▶ [Exercise] Your answer must be a word-for-word copy of the listing below, minus its pictures.

▶ [Information provided]
-- Opening Marker --

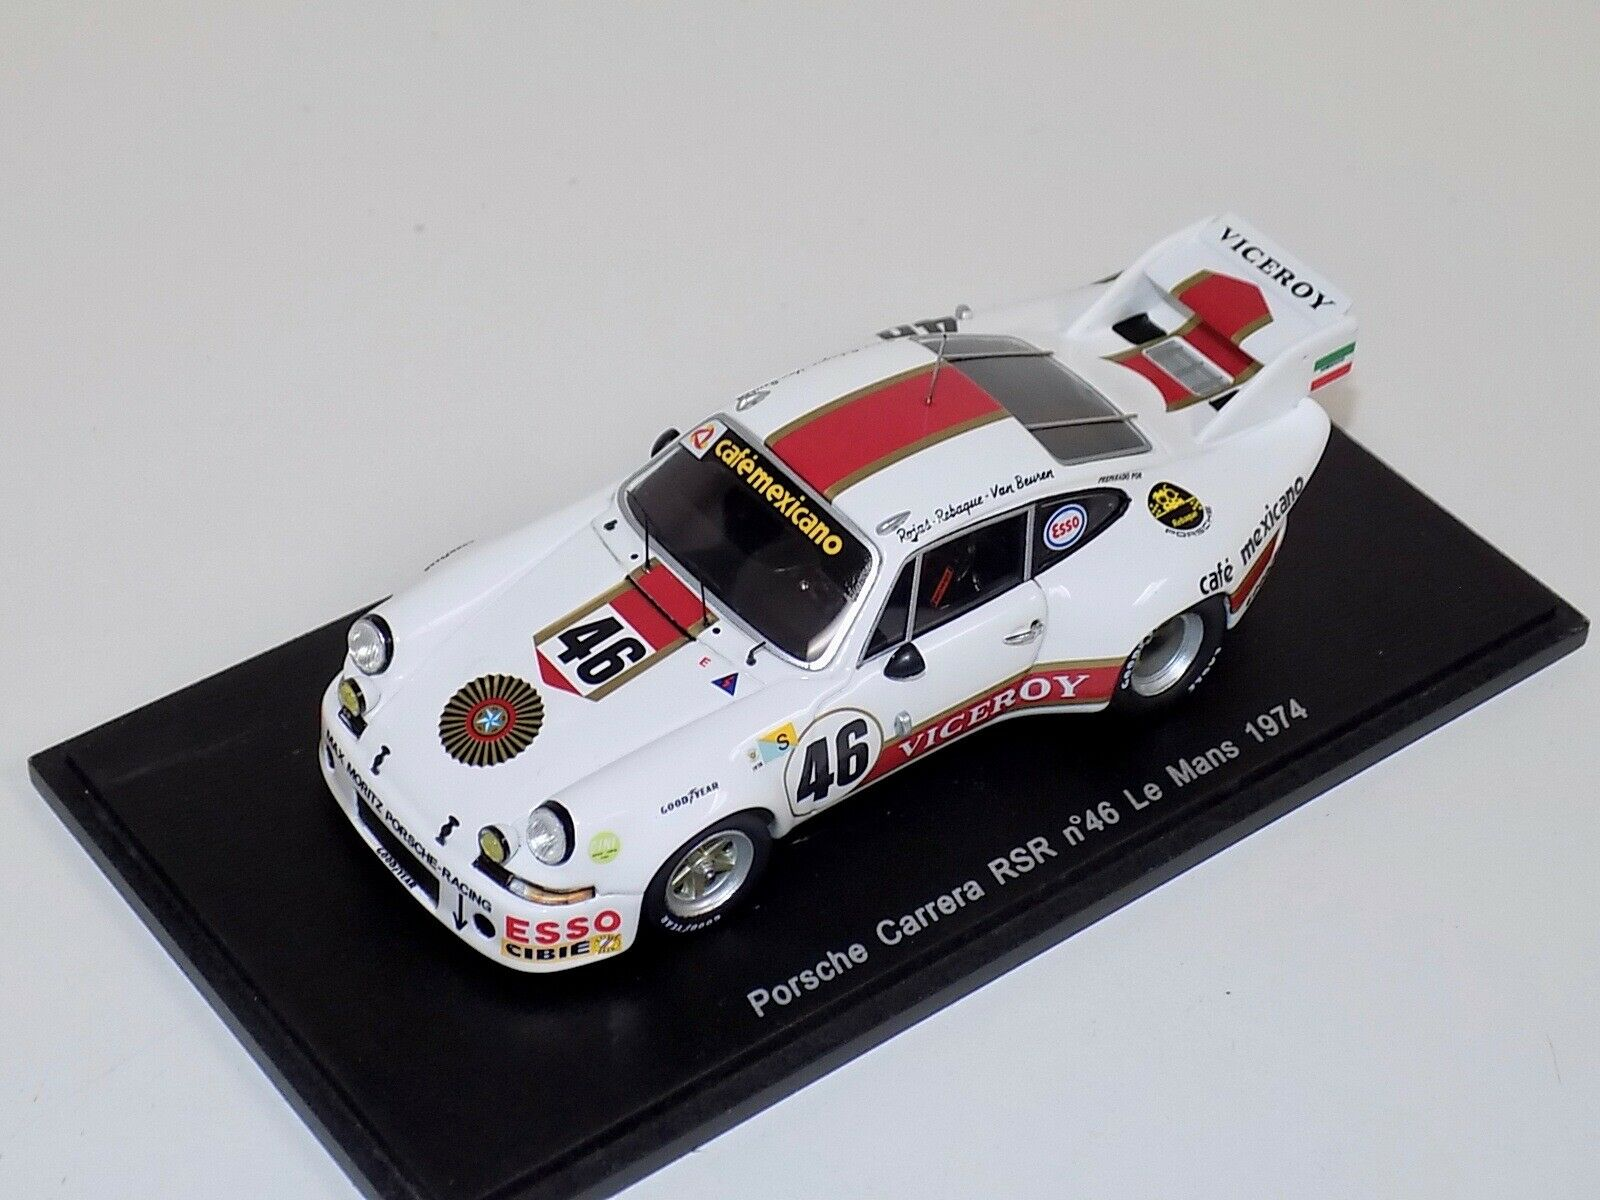 1 43 Spark Porsche 911 RSR Carrera Car  Viceroy  1974 24 H LeMans  S3399
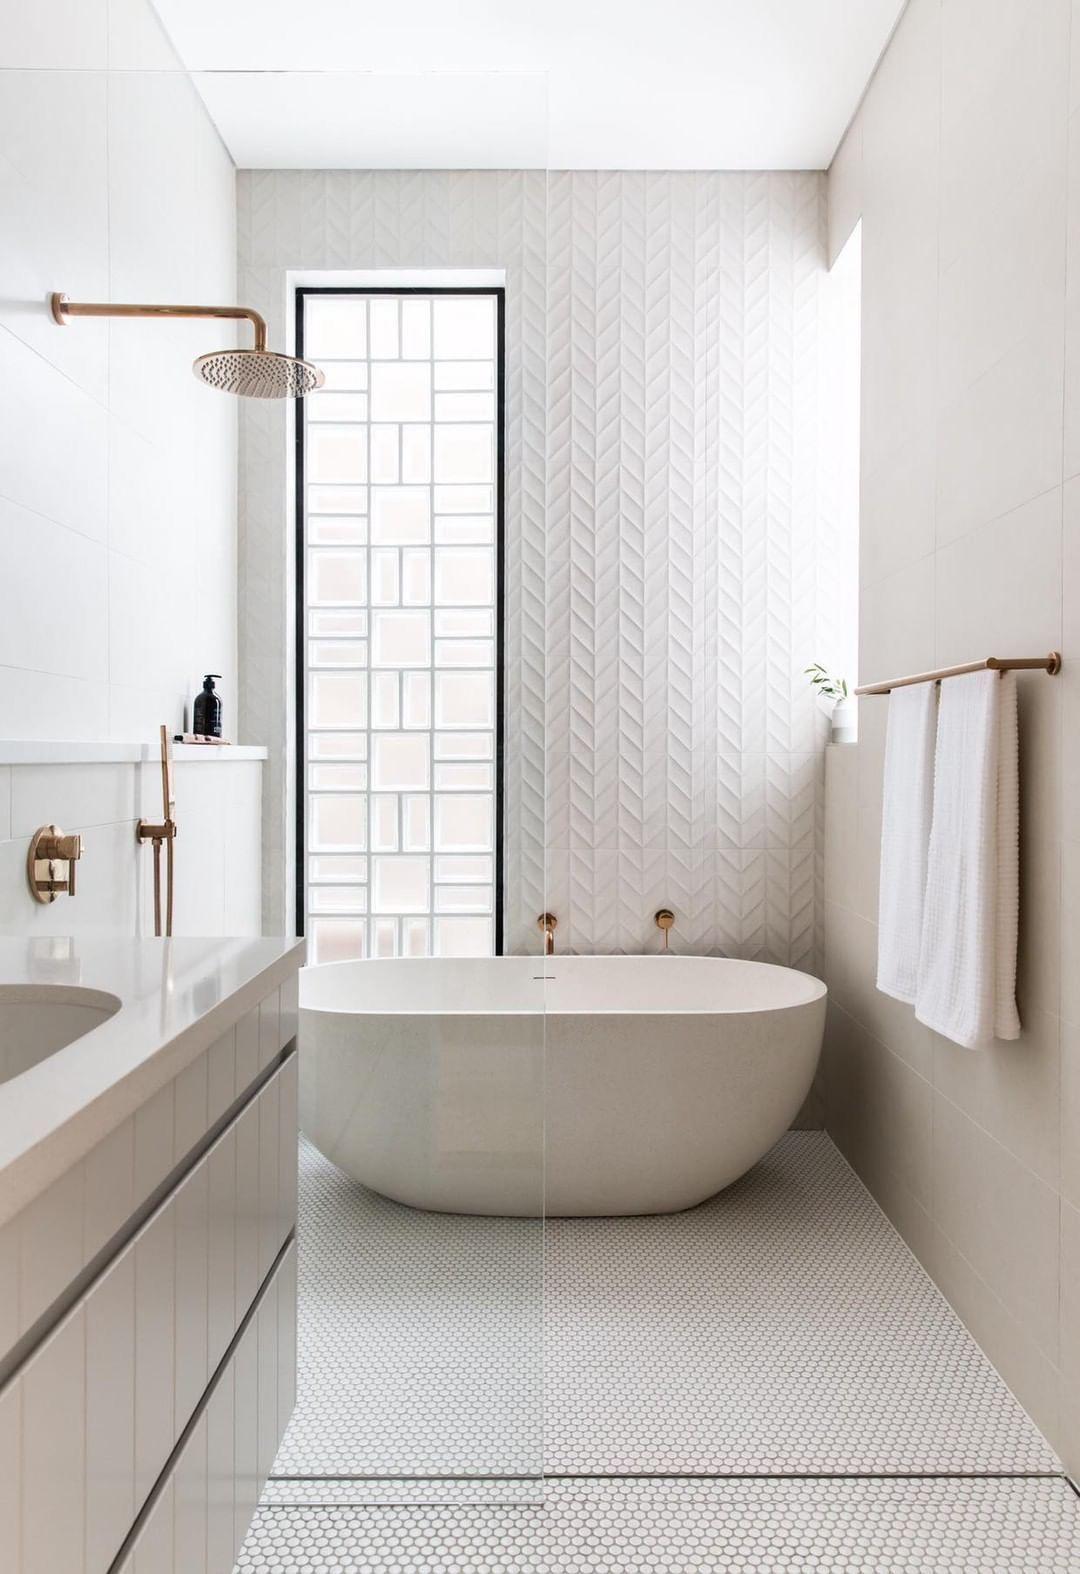 Bathroom Aesthetic Bathroomdecoration Bathroom Bathroom Ideas Bathroom Tiles Bathroom In 2020 Badezimmereinrichtung Badezimmer Klein Badezimmer Innenausstattung
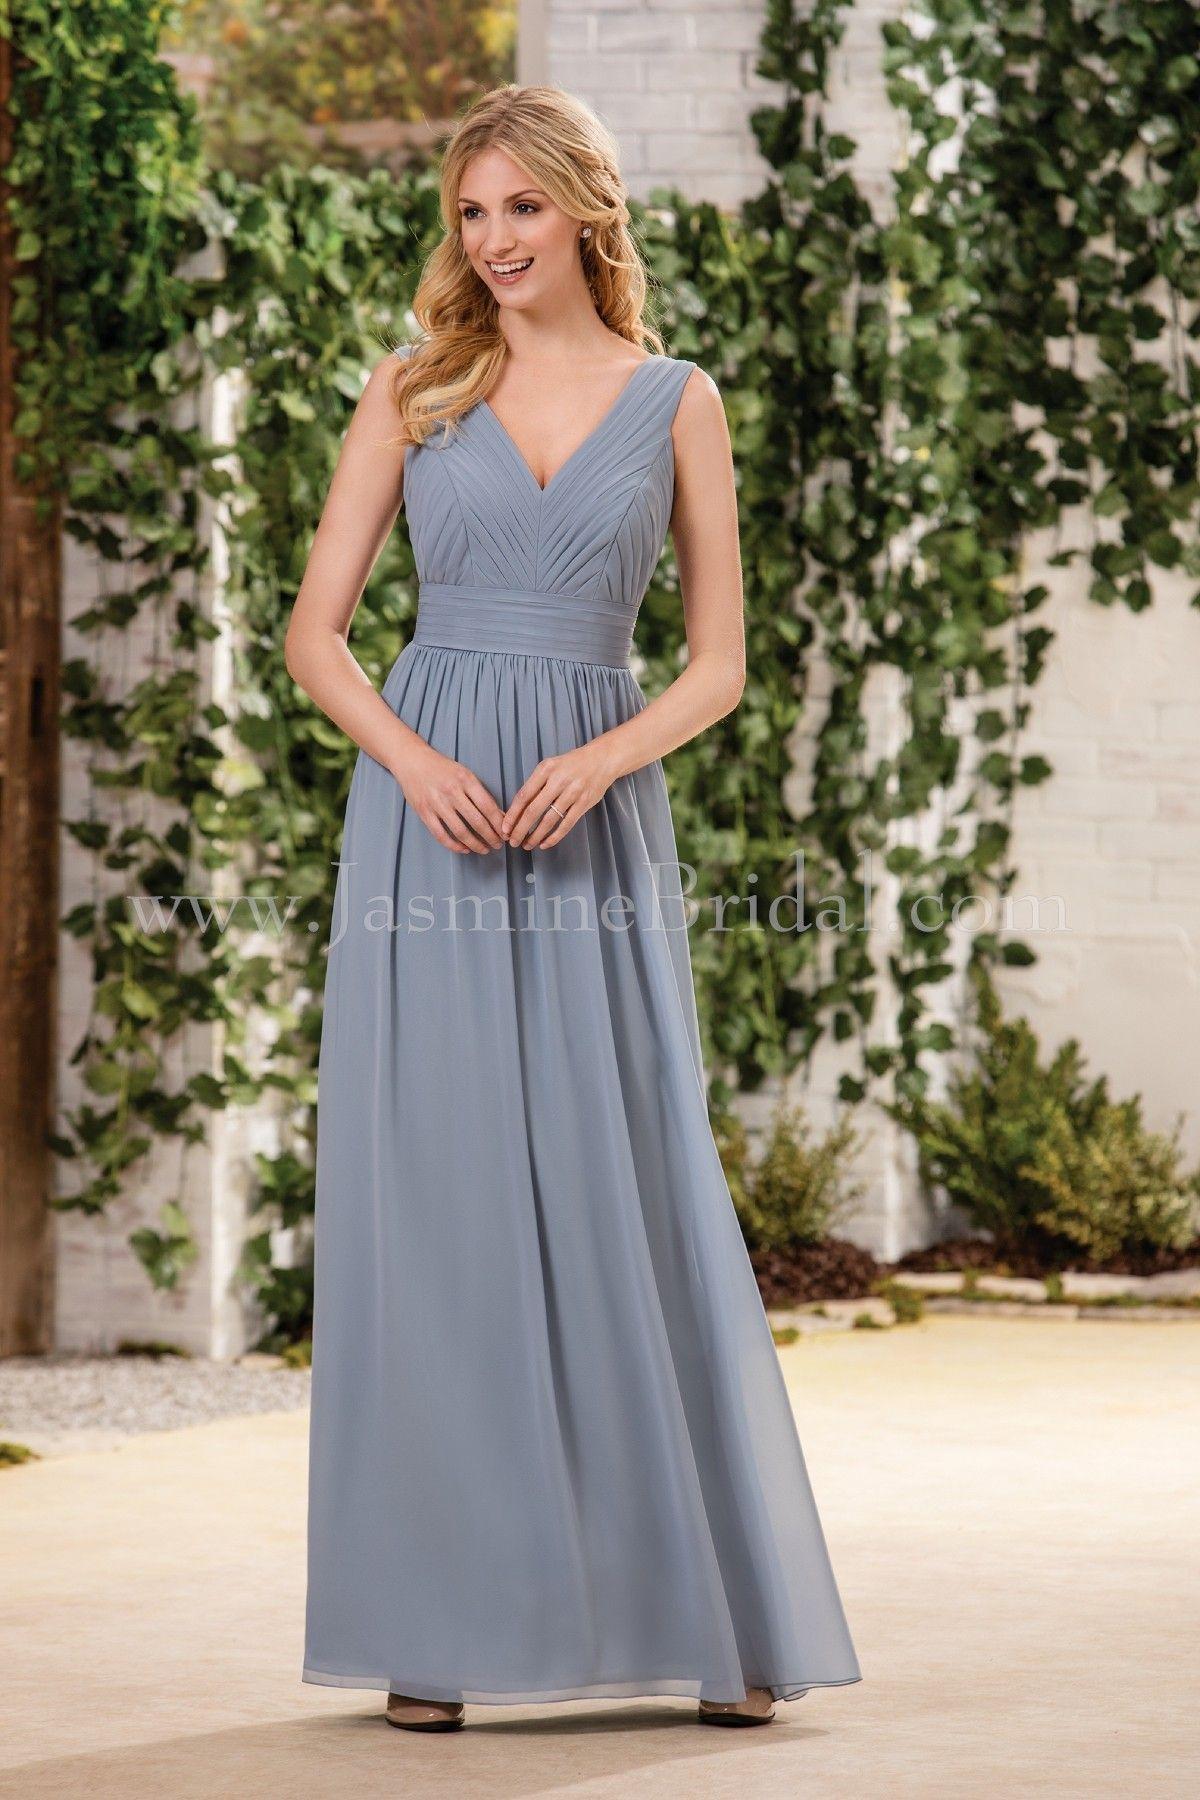 Jasmine bridal bridesmaid dress b2 style b183056 in cornflower jasmine bridal bridesmaid dress b2 style b183056 in cornflower ombrellifo Images
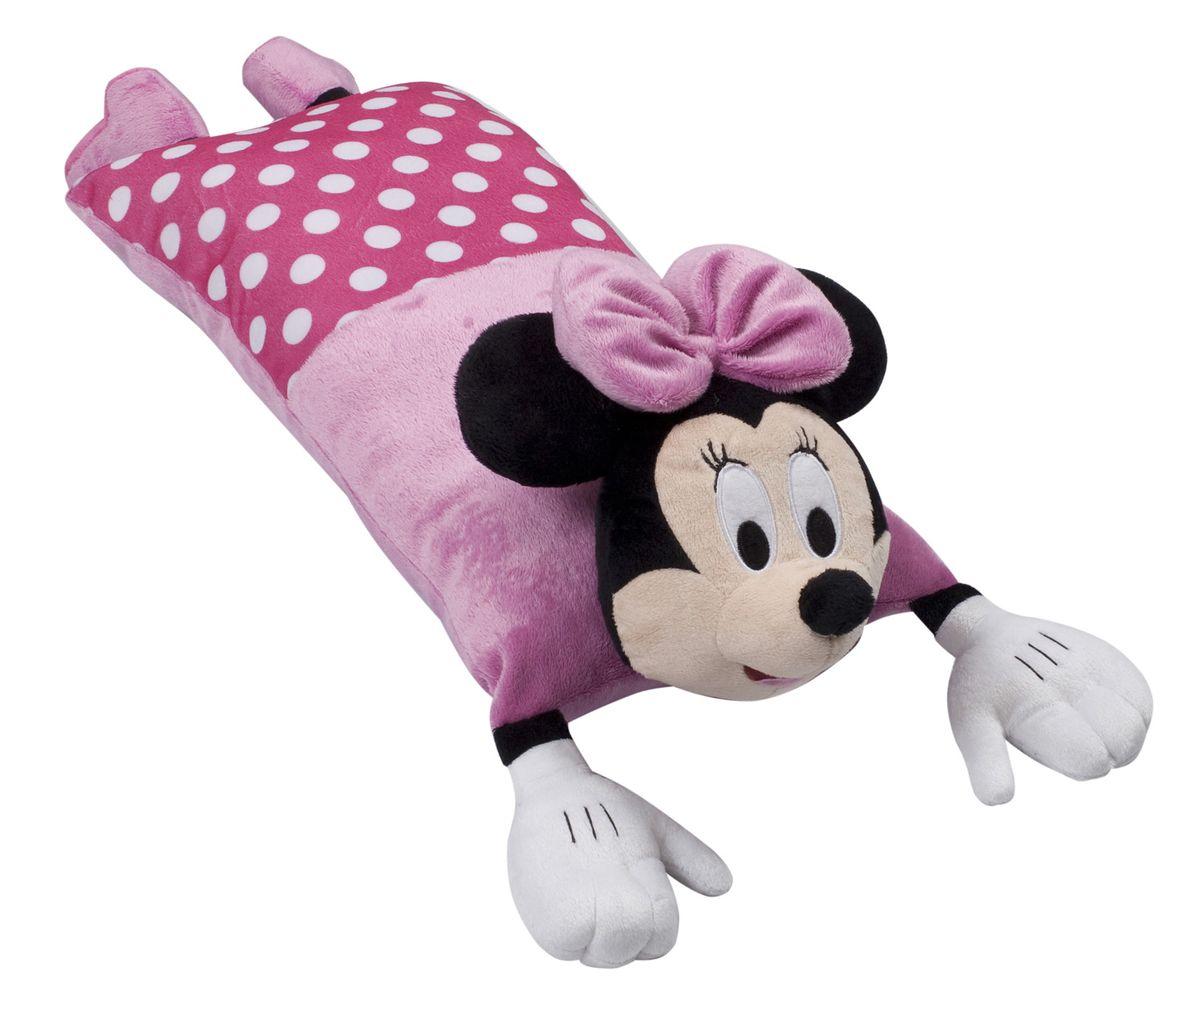 15546 Подушка Minnie Mouse (Минни Маус), размер 50х25 см

-- Closing Marker --

▶ [Answer area]
 1 43 Spark Porsche 911 RSR Carrera Car  Viceroy  1974 24 H LeMans  S3399
 Bathroom Aesthetic Bathroomdecoration Bathroom Bathroom Ideas Bathroom Tiles Bathroom In 2020 Badezimmereinrichtung Badezimmer Klein Badezimmer Innenausstattung
 Jasmine bridal bridesmaid dress b2 style b183056 in cornflower jasmine bridal bridesmaid dress b2 style b183056 in cornflower ombrellifo Images
 15546 Подушка Minnie Mouse (Минни Маус), размер 50х25 см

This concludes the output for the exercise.